> **Activity**:
Copy the data that follows exactly. Include no pictures.

> **Data**:
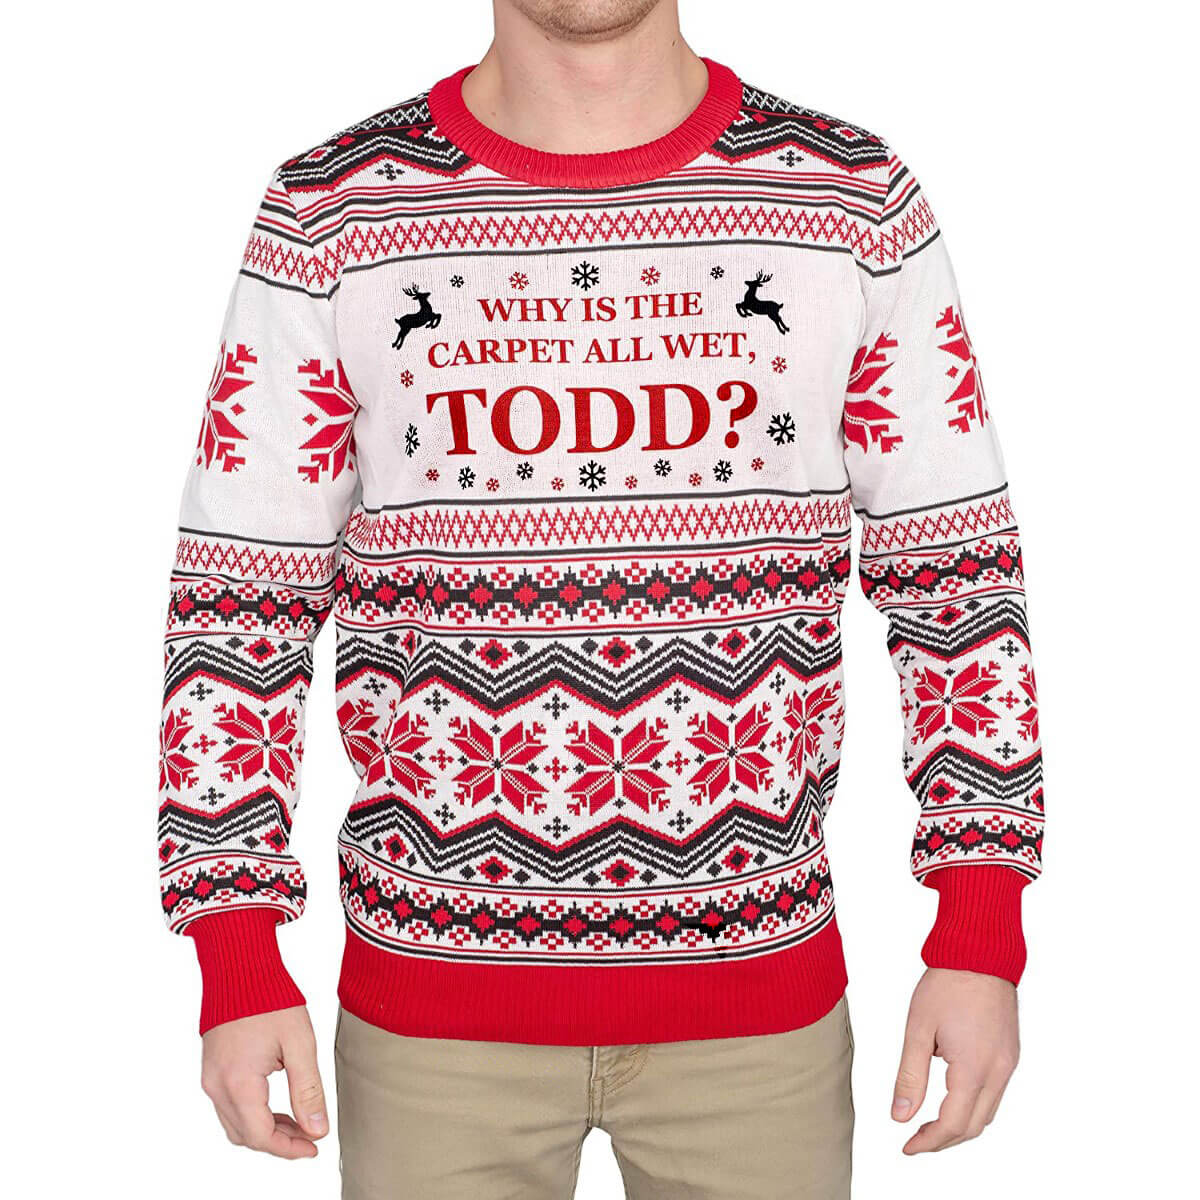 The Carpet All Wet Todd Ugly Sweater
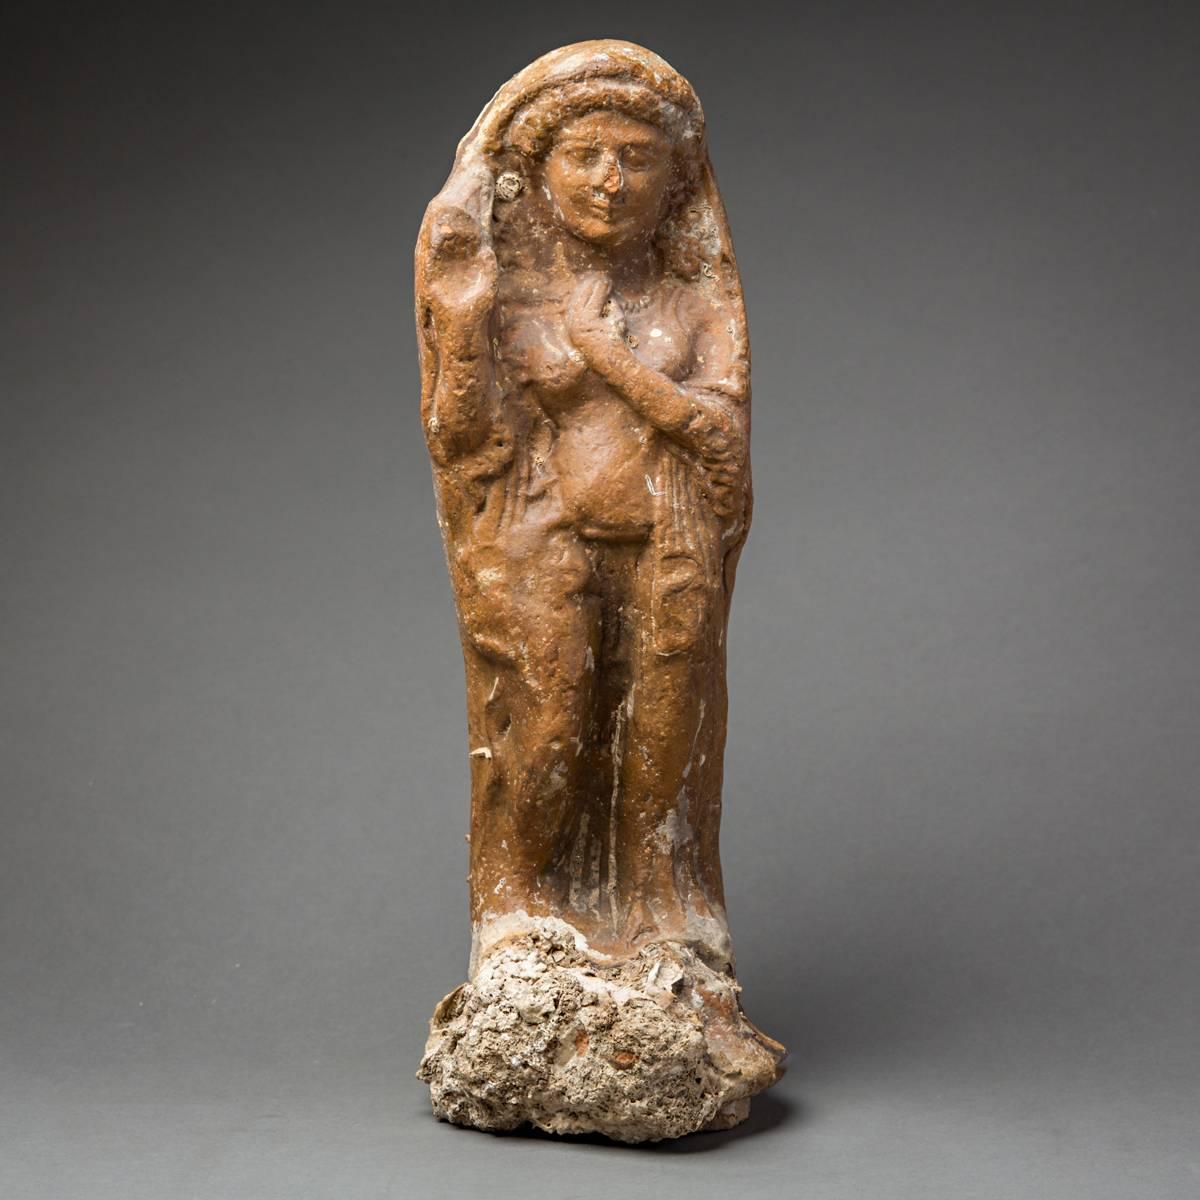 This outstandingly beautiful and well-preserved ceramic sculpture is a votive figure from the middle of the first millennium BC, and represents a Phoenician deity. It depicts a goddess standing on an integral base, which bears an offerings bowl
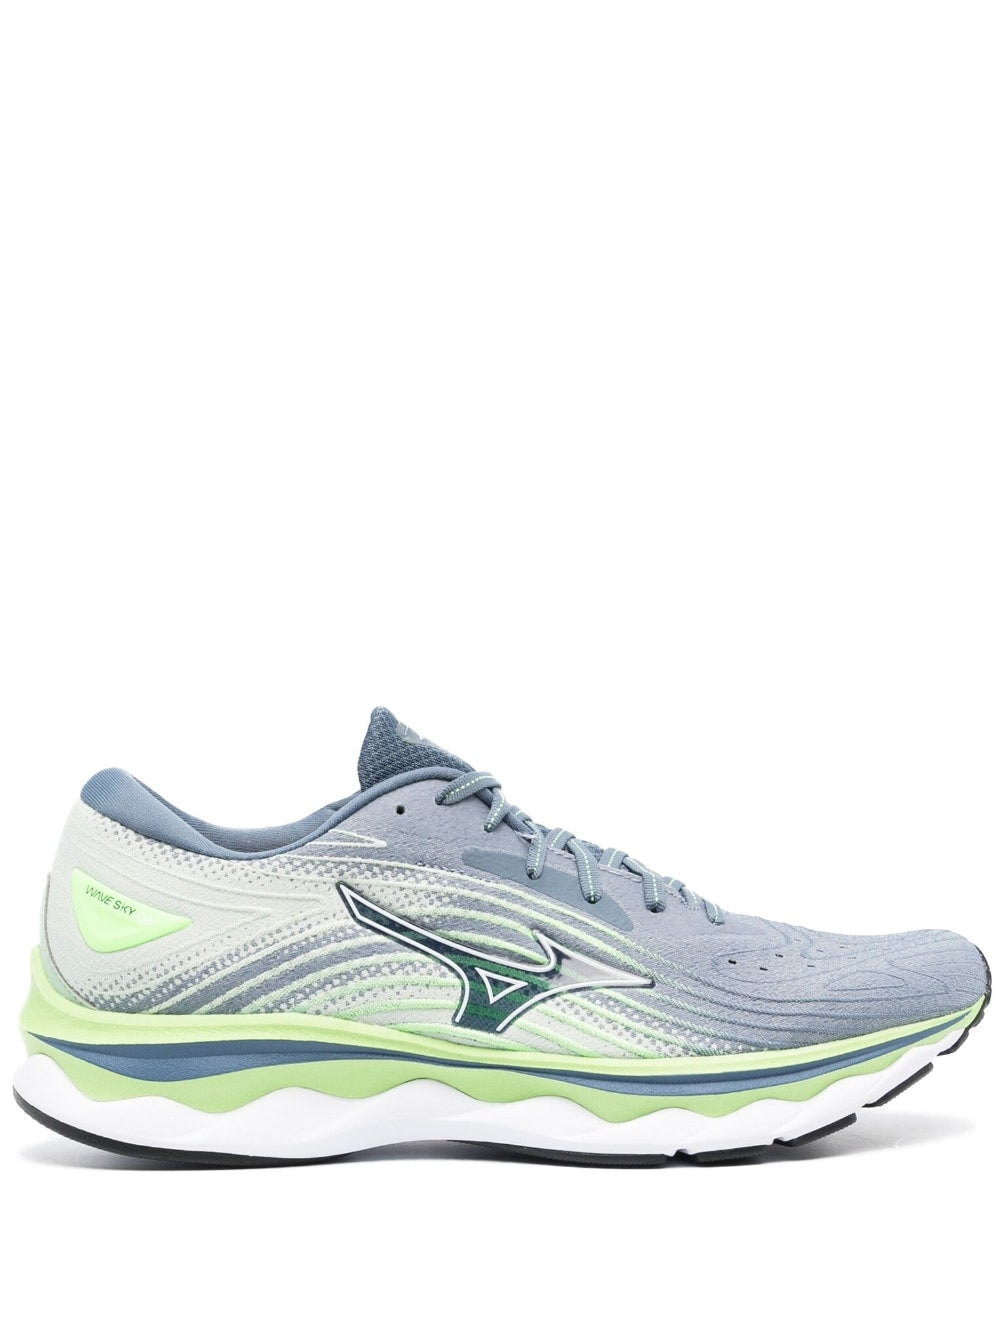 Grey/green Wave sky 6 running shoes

> **Task result**:
 The Carpet All Wet Todd Ugly Sweater
 This outstandingly beautiful and well-preserved ceramic sculpture is a votive figure from the middle of the first millennium BC, and represents a Phoenician deity. It depicts a goddess standing on an integral base, which bears an offerings bowl
 Grey/green Wave sky 6 running shoes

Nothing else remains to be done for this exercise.